I'm very, very honored to be the guest editor for Hand Papermaking magazine's Winter 2023 issue 🌿🌿🌿 Ecology and Paper 🌿🌿🌿.

It's a beautiful, full-color, 9 x 12 inch, scholarly publication with REAL handmade paper samples in it.

This issue shows how papermaking is in a unique position to address the degradation of the planet and contribute to a future that values and re-integrates all of nature and humanity.

“Handmade paper can go beyond creative self-expression to be a reminder of how to live respectfully, learn together, and be creative in a way that is ecologically and socially beneficial.” – May Babcock

GET YOUR COPY OF THE ECOLOGY & PAPER ISSUE >>

 

Cover image: Hannah ChalewPipelandia, 2021, 48 x 30 x 30 inches, metal, sugarcane, plastic, lime, recycled paint, living plants, soil, paper made from sugarcane combined with shredded disposable plastic waste (“plasticane”), iron oak gall ink, ink made from shells. Photo: Jonathan Traviesa.

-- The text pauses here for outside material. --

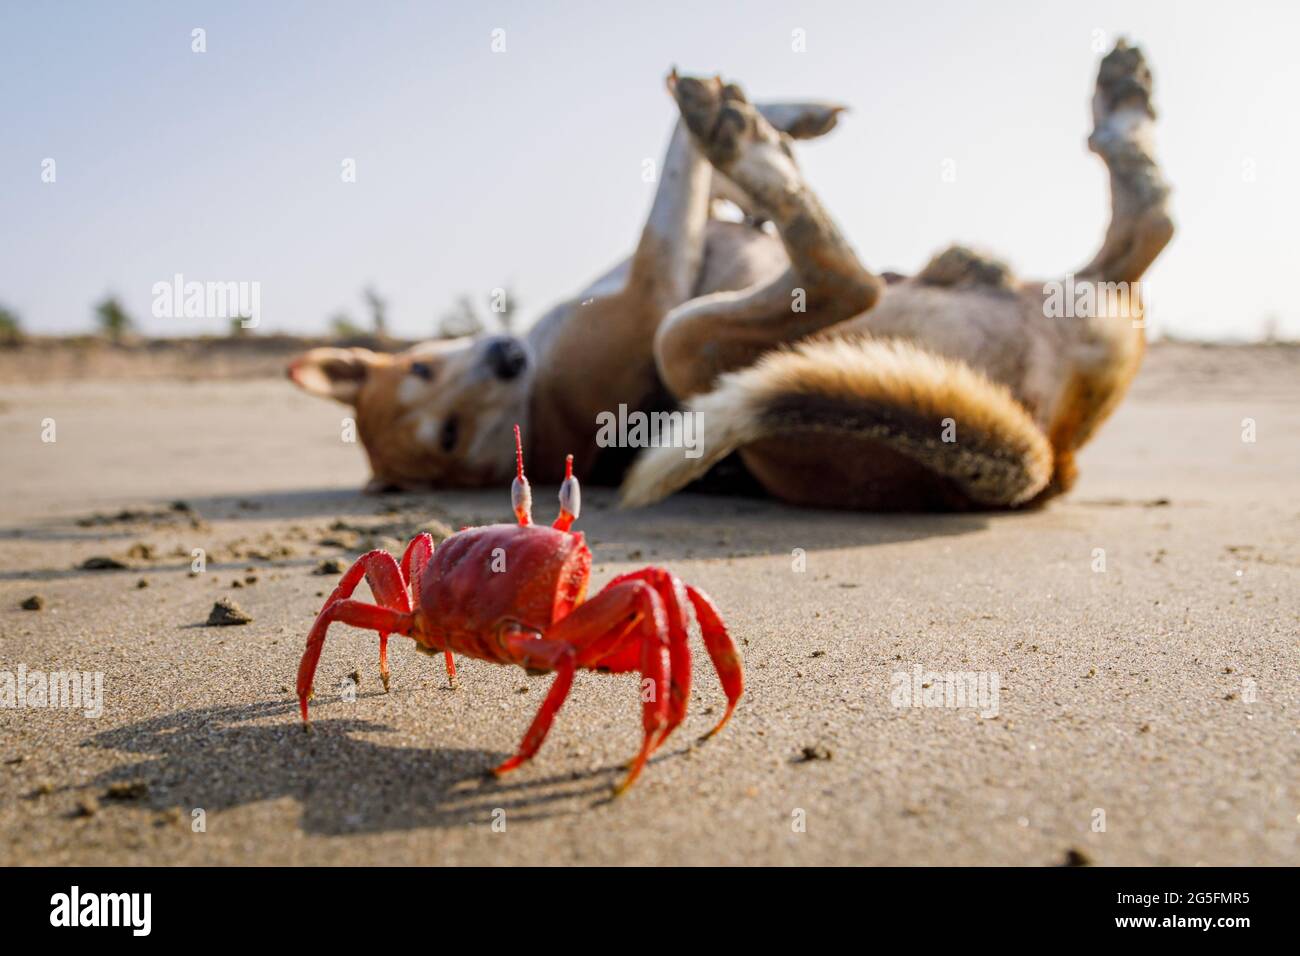 Un granchio fantasma rosso e un cane randagio godere di una spiaggia libera dai turisti a Bazar Cox in Bangladesh. Il granchio fantasma rosso è stato minacciato, in quanto i turisti stanno violando il loro habitat. Tuttavia, la pandemia del COVID 19 e la conseguente assenza di turisti hanno dato ai granchi una ben meritata possibilità di rimbalzo. Foto Stock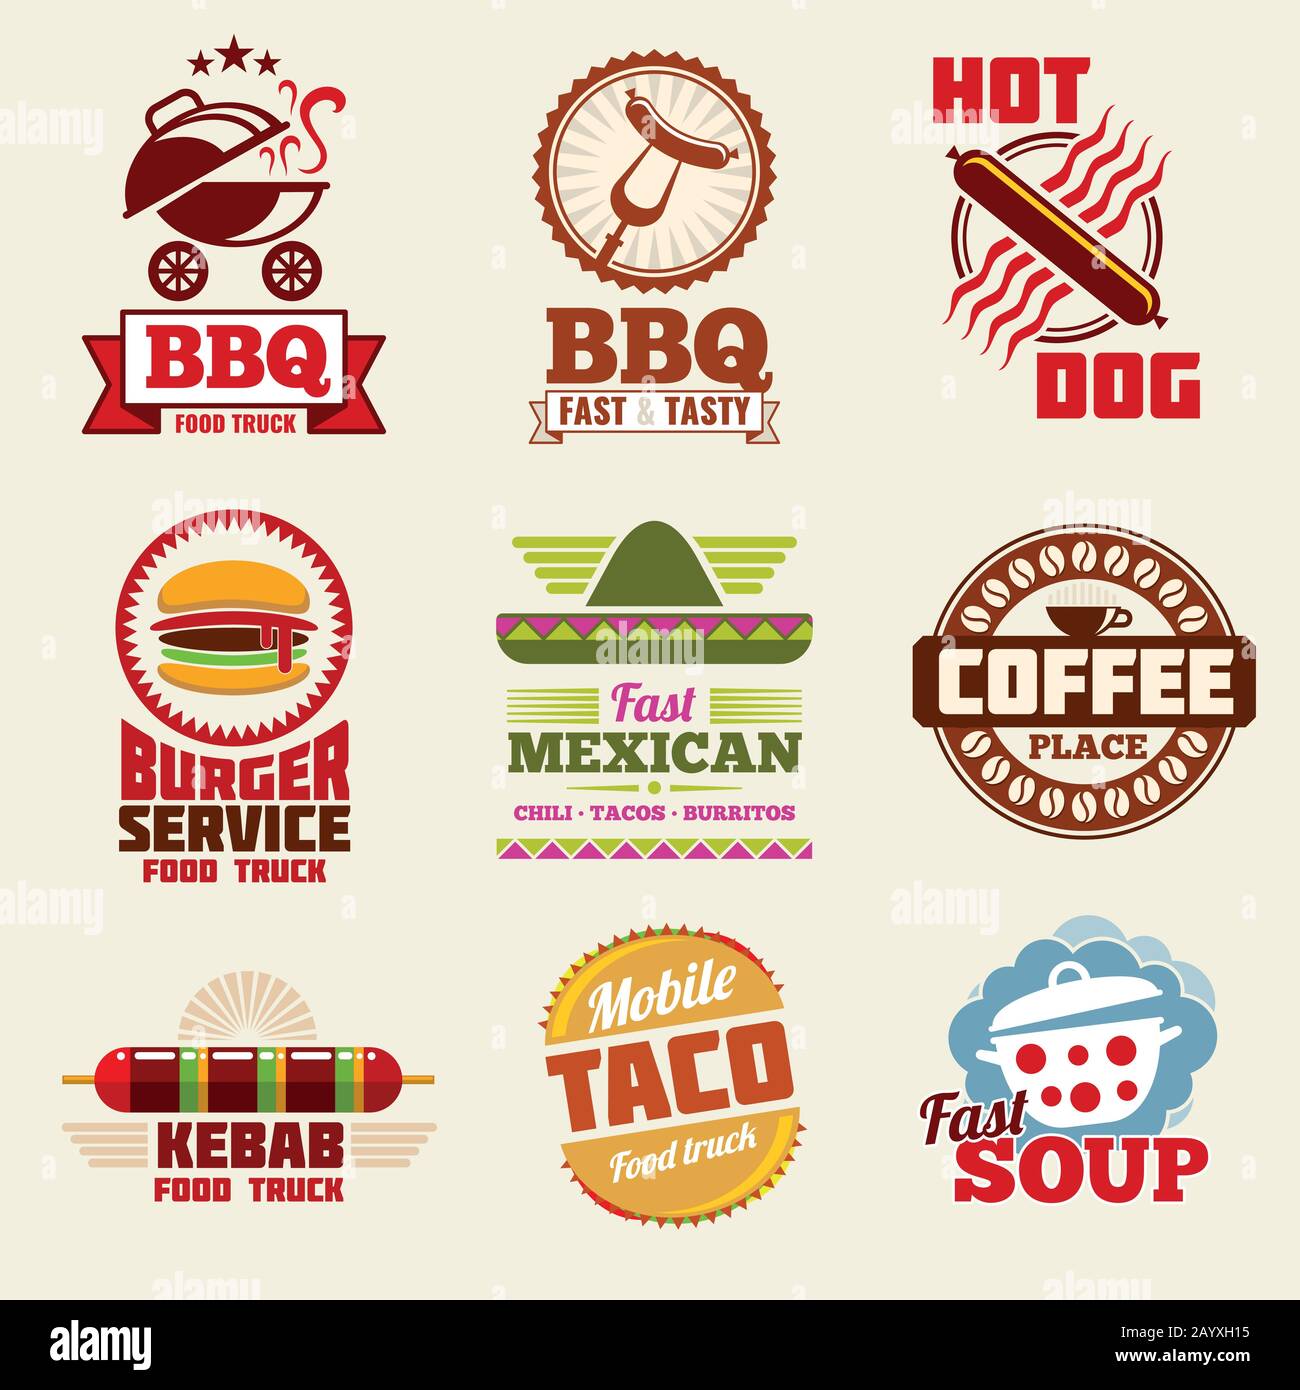 Conjunto de logotipos, emblemas, etiquetas y distintivos de Fast Food Vector. Emblema y distintivo de comida rápida del restaurante, ilustración vintage del logotipo de comida rápida Ilustración del Vector

Courtesy of Hannah Chalew.

Inside the issue:

  • Hannah Chalew's work based on Louisiana’s floating marshes graces the cover, and inside, a “plasticane” (sugarcane and plastic waste) paper sample.

  • Artist Sheila Nakitende's innovations with regenerative Ugandan bark-paper.

  • Mikayla Patton, who repurposes outdated books about indigenous nations for compelling artworks that reconnect with Lakota cultural practices

  • Traditional bamboo papermaking in the Dao Đỏ community in Việt Nam, written by Veronica Pham.

  • Mary Hark / The Ghana Paper Project’s work with ecosocial enterprise in Ghana that nurtures new papermakers, along with a paper sample and a preview of an illustrated papermaking training manual.

  • Advancements in mushroom paper by Tanja Major, featured in the Haus des Papiers museum in Germany, written by Katharina Grosch.

  • A sweeping overview of Taiwan’s papermaking journey through local fibers, from colonization to adaptation, in an essay by Yang Wei-Lin.

  • How human rights, the United Nations, and sustainability intersect in Brazilian artist Otávio Roth’s work, and are continued by his daughter Isabel Roth.

  • An exhibition at the Minnesota Center for Book Arts that expands the definition of paper arts by reconnecting distinct bark-paper traditions, reviewed by Juleana Enright.